Research output: Contribution to journalArticle

211 Scopus citations

Abstract

Purpose: While the incidence of lymph node positive prostate cancer has decreased during the prostate specific antigen era, the optimal treatment of these patients remains in question. We examined the impact of lymph node metastases on the outcome of patients following radical prostatectomy and investigated prognostic factors that affect survival. Materials and Methods: We identified 507 men treated with radical prostatectomy between 1988 and 2001 who had lymph node positive disease. Of the 507 patients 455 (89.7%) were treated with adjuvant hormonal therapy. Median followup was 10.3 years (IQR 6.1-13.5). Postoperative survival rates were estimated using the Kaplan-Meier method and the impact of various clinicopathological factors on outcome was analyzed using Cox proportional hazard regression models.
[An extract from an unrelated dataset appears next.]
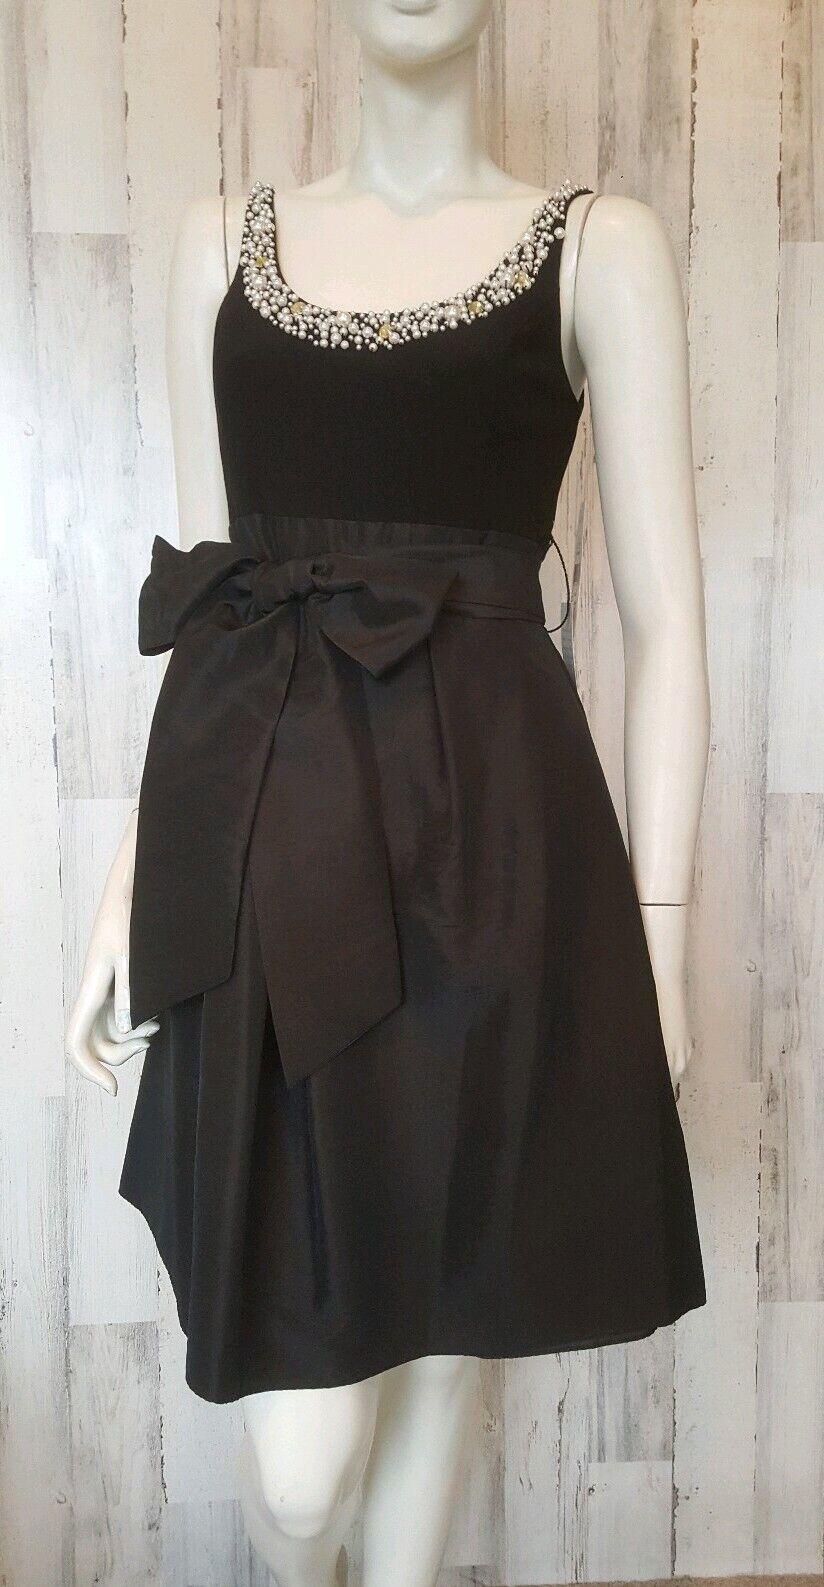 Eliza J  New York schwarz fit flare formal sleeveless Dress sz 6 NWT

Results: Ten-year cancer specific survival for patients with positive lymph nodes was 85.8% with 56% of the men free from biochemical recurrence at last followup. On multivariate analysis pathological Gleason score 8-10 (p = 0.004), positive surgical margins (p = 0.016), nondiploid tumor ploidy (p = 0.023) and 2 or greater positive nodes (p = 0.001) were adverse predictors of cancer specific survival. Tumor stage, year of surgery and total number of nodes removed did not significantly affect outcome. Adjuvant hormonal therapy decreased the risk of biochemical recurrence (p <0.001) and local recurrence (p = 0.004) but it was not associated with systemic progression (p = 0.4) or cancer specific survival (p = 0.4). Conclusions: Radical prostatectomy may offer long-term survival to patients with lymph node positive prostate cancer. Gleason score, margin status, tumor ploidy and the number of involved nodes predict survival, while the role of adjuvant hormonal therapy continues to be defined.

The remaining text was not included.